I tried to smile, but it wasn’t a big one and it didn’t last. After a moment, I said, “Remember the guy on the bookmobile who gave me the maple syrup?”
“Sure.” She nodded.
“He’d dead.” I sighed. “An accident, they say. A tree fell on him and . . . and . . .”
“Oh, honey.” My best friend stepped close and wrapped her arms around me. “You go ahead and cry. I’ll hold you, and you cry.”
So I did.
Chapter 3
The next bookmobile day was clear and bright and even though there wasn’t a hint of green growth anywhere, the sunshine was enough to make me believe that someday summer would indeed come.
“Just think, Eddie,” I said. “Soon we’ll be on the front deck of the houseboat on the chaises, me reading the newspaper while you try to sleep on top of it.” I did, on occasion, read parts of the paper out loud to my cat, but I’d drifted away from the habit while living with Aunt Frances. Some things are best kept private.
At this point on the bookmobile route, it was just Eddie and me. There were a number of housebound stops to make, and the library board had agreed that the inviolate rule to always have two people on the bookmobile didn’t apply to the housebounds, as long as I kept a fully charged cell phone on my person.
“One of these days,” I said to Eddie, “someone should revise the library’s bookmobile policies.” The set I’d drawn up a year ago, before the maiden voyage, had been a good start, but things had evolved, as things tended to do, and the policy should be updated to reflect that.
Of course, doing so would take time, and that was a commodity in short supply.
“How about you update the policy for me?” I asked Eddie as I made a right turn onto a gravel road. “You know how we do things. All you’d have to do is read over the existing document and make a few changes. I can help with the spelling.”
Eddie’s “Mrr” was half swallowed by one of his slurpy yawns.
“Nice,” I said. “Hope you wiped your chin.” I braked and made another right turn, this time into an empty barnyard large enough to accommodate tractors hauling pieces of large and expensive equipment.
“Don’t get all excited,” I said to the sleepy Eddie. “It’s the neighbor who’s getting the books.
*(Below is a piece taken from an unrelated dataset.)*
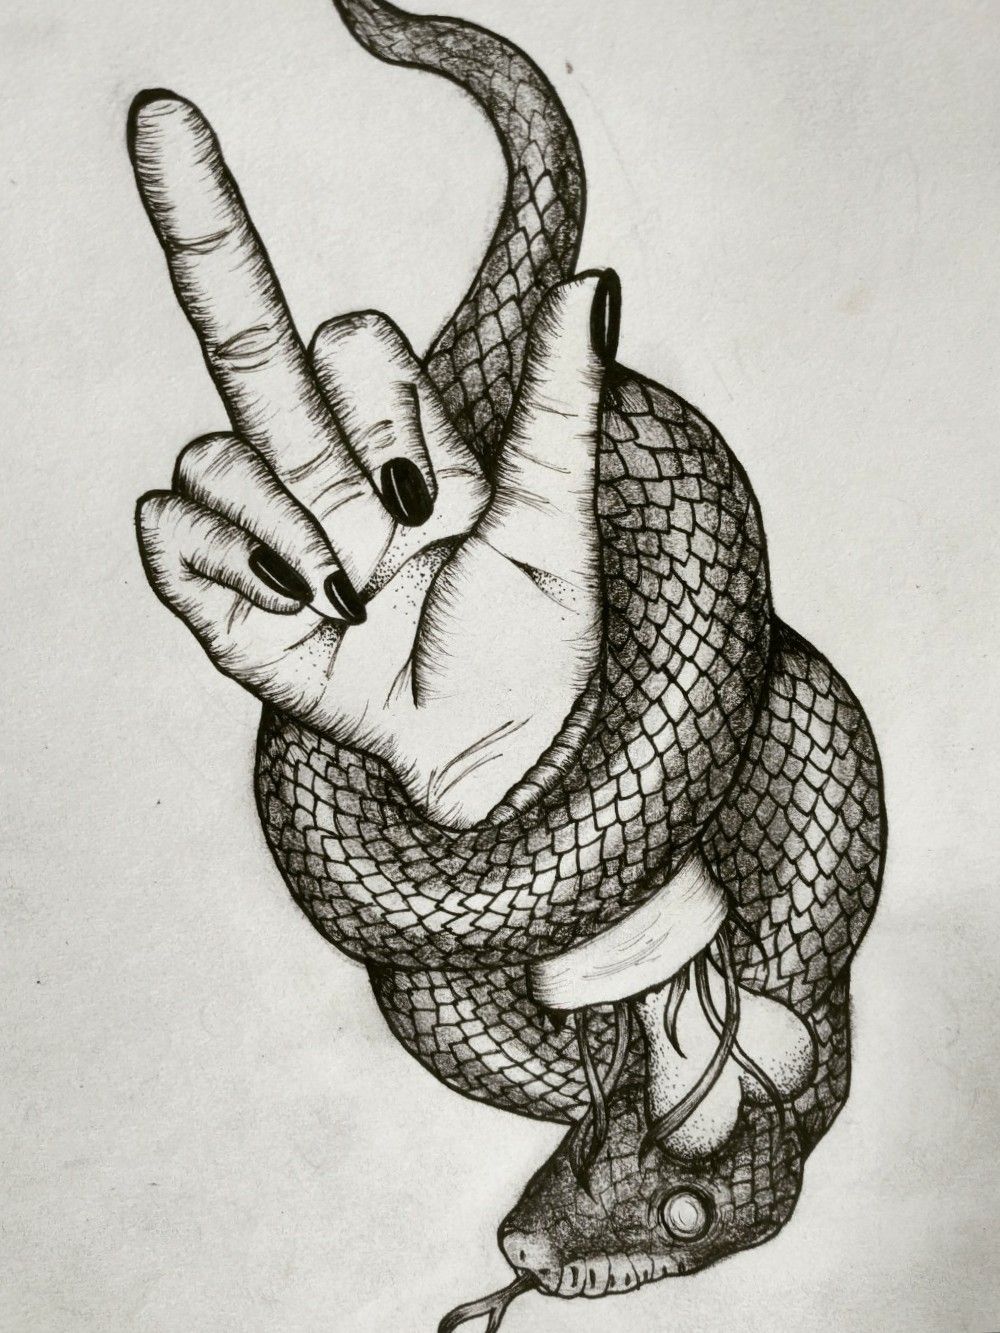 Tattoo snake. Traditional black dot style ink. Isolated illustration.  Traditional Tattoo Old School Tattooing Style Ink. silhouette illustration.

His driveway, because of its length and narrow width, is not what you might call bookmobile friendly and this farmer was kind enough to let us park here.”
We came to a complete stop and I reached for Adam Deering’s bag of books. Though I’d never met Adam, I’d met his wife, Irene, soon after the pair moved up North. The first time she’d walked into the library, I’d been at the reference desk and had smiled at her expression of happy awe.
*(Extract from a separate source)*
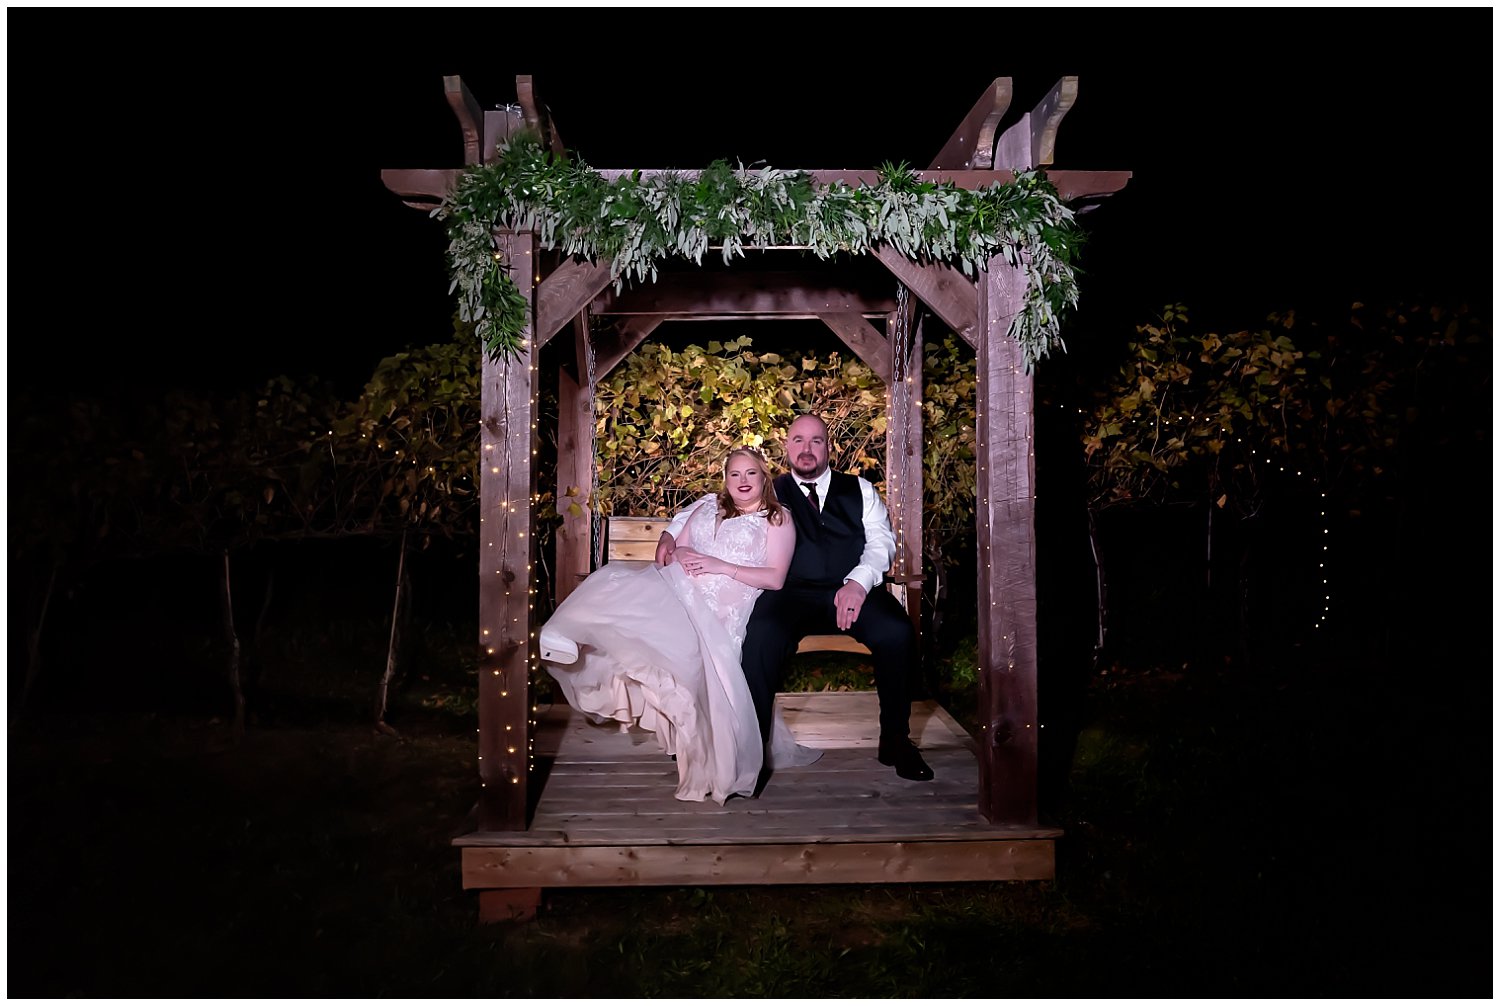 The bride and groom pose on a swing at night infront of mini lights at the Bent Ridge Winery in NS.

I understood her look, because the Chilson District Library was flat-out gorgeous. After the town’s middle school had moved into a brand-new building, the old one was converted into a stunning facility of wood-paneled walls, Craftsman-style light fixtures, mosaic-tiled bathrooms, spacious community rooms, and so many books that I sometimes felt light-headed when I looked at them all.
Irene’s rapt face had been the start of an acquaintanceship that held the strong possibility of turning into friendship, given the right circumstances, so when she’d called and asked if the bookmobile could drop off some books to her husband, who was recovering from heart surgery, I’d been happy to help out.
I’d wondered, of course, about a woman who couldn’t be much older than forty having a husband who’d had heart surgery, and was curious about meeting Adam. “They say that curiosity killed the cat,” I said, unlatching Eddie’s cat carrier, “so don’t get carried away with your freedom, okay?”
He snuggled more deeply into the pink blanket that one of Aunt Frances’s boarders had made him last summer, and purred.